On Sharing Data - SmartData Collective

While security and privacy issues prevent sensitive data from being shared (e.g., customer data containing personal financial information or patient data containing personal health information), do you have access to data that would be more valuable if you shared it with the rest of your organization—or perhaps the rest of the world?

We are all familiar with the opposite of data sharing within an organization—data silos. Somewhat ironically, many data silos start with data that was designed to be shared with the entire organization (e.g., from an enterprise data warehouse), but was then replicated and customized in order to satisfy the particular needs of a tactical project or strategic initiative. This customized data often becomes obsolesced after the conclusion (or abandonment) of its project or initiative.

Data silos are usually denounced as evil, but the real question is whether the data hoarded within a silo is sharable—is it something usable by the rest of the organization, which may be redundantly storing and maintaining their own private copies of the same data, or are the contents of the data silo something only one business unit uses (or is allowed to access in the case of sensitive data).

Most people decry data silos as the bane of successful enterprise data management—until you expand the scope of data beyond the walls of the organization, where the enterprise’s single version of the truth becomes a cherished data asset (i.e., an organizational super silo) intentionally siloed from the versions of the truth maintained within other organizations, especially competitors.

We need to stop needlessly replicating and customizing data—and start reusing and sharing data.

Historically, replication and customization had two primary causes:

Limitations in technology (storage, access speed, processing speed, and a truly sharable infrastructure like the Internet) meant that the only option was to create and maintain an internal copy of all data.

Proprietary formats and customized (and also proprietary) versions of common data was viewed as a competitive differentiation—even before the recent dawn of the realization that data is a corporate asset.

Hoarding data in a proprietary format and viewing “our private knowledge is our power” must be replaced with shared data in an open format and viewing “our shared knowledge empowers us all.”

This is an easier mantra to recite than it is to realize, not only within an organization or industry, but even more so across organizations and industries.
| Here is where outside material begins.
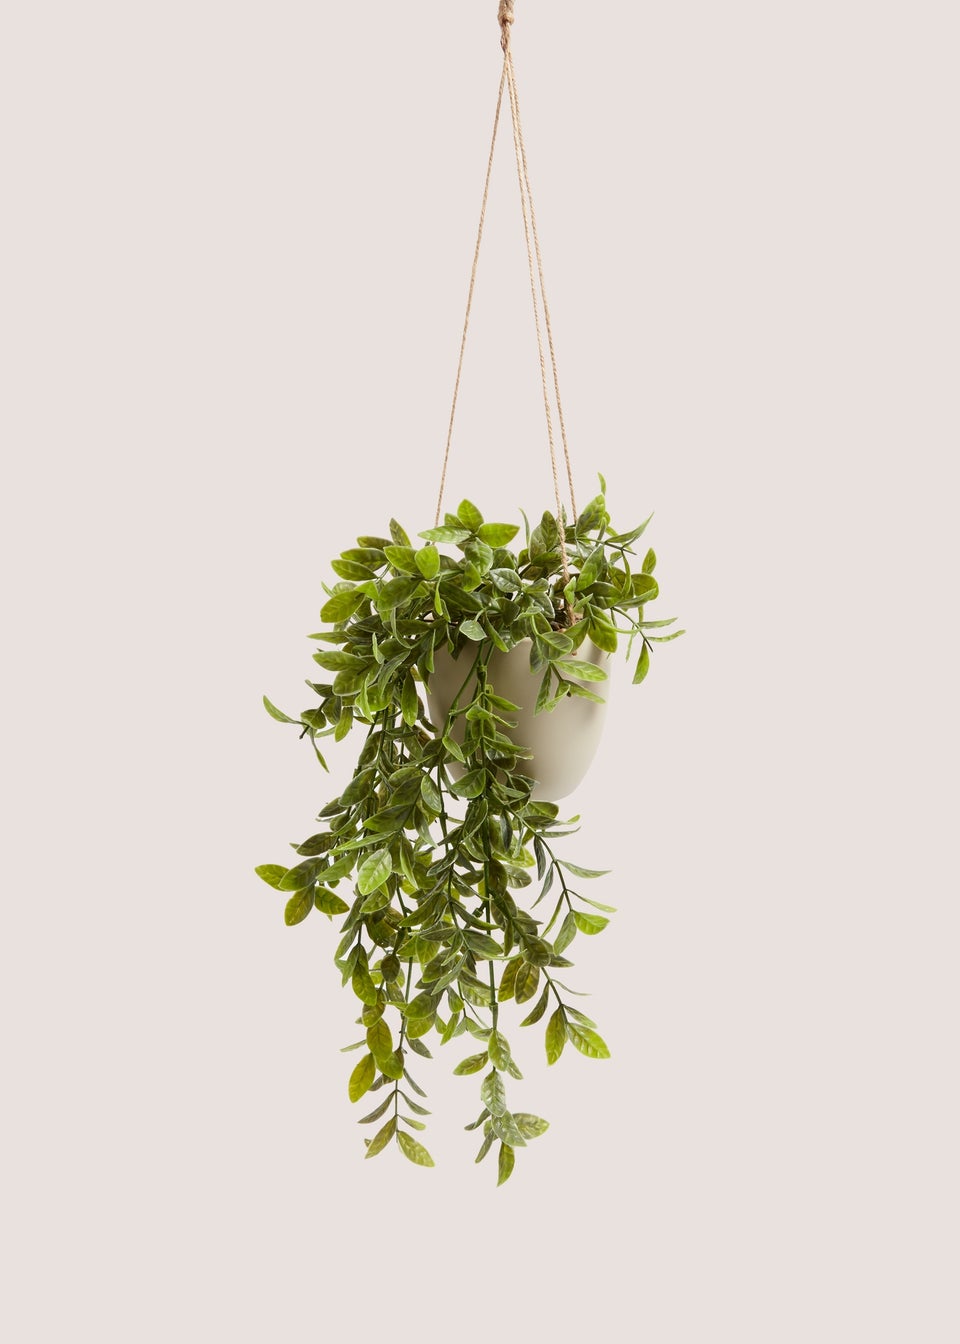 Hanging Plastic Plant Pot (17cm x 13cm x 13cm)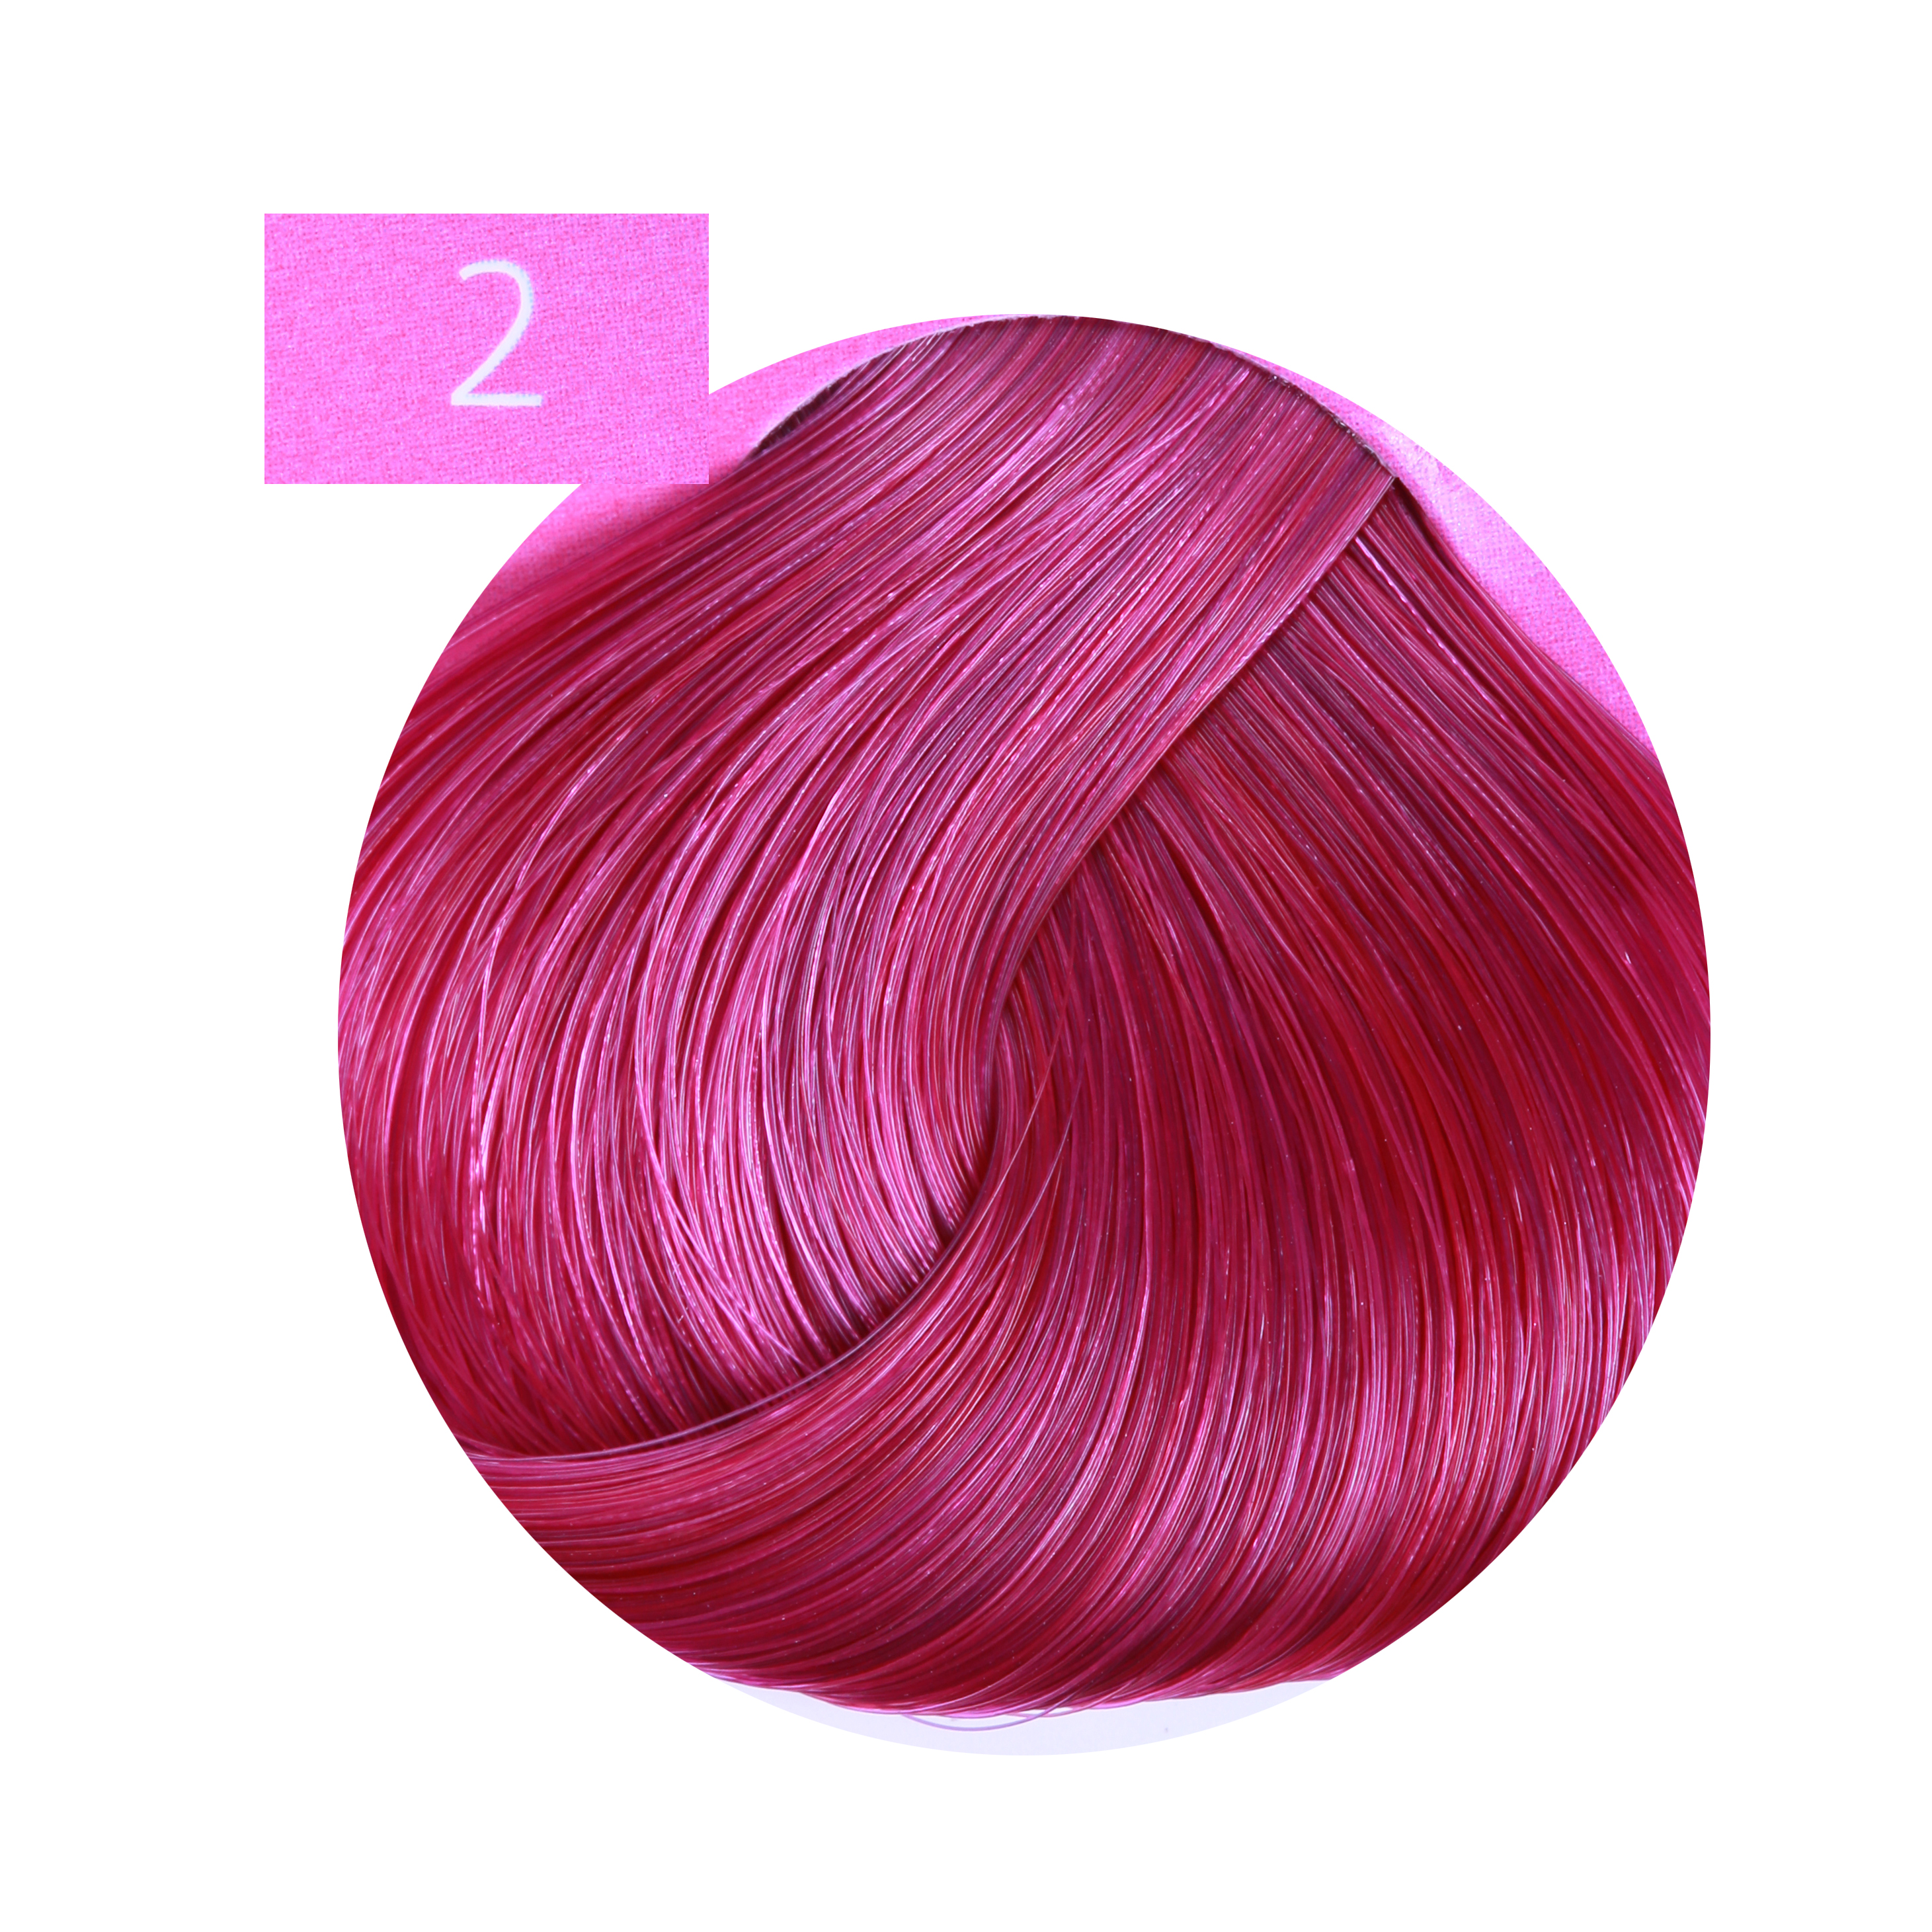 ESTEL PROFESSIONAL 2 краска для волос, лиловый / ESSEX Princess Fashion 60 мл креативное агентство одержи победу в грандиозной битве амбиций

However, one of the major paradigm shifts of 21st century data management is making more data publicly available, following open standards (such as MIKE2.0) and using unambiguous definitions so data can be easily understood and reused.

Of course, data privacy still requires sensitive data not be shared without consent, and competitive differentiation still requires intellectual property not be shared outside the organization. But this still leaves a vast amount of data, which if shared, could benefit our increasingly hyper-connected world where most of the boundaries that used to separate us are becoming more virtual every day. Some examples of this were made in the recent blog post shared by Henrik Liliendahl Sørensen about Winning by Sharing Data.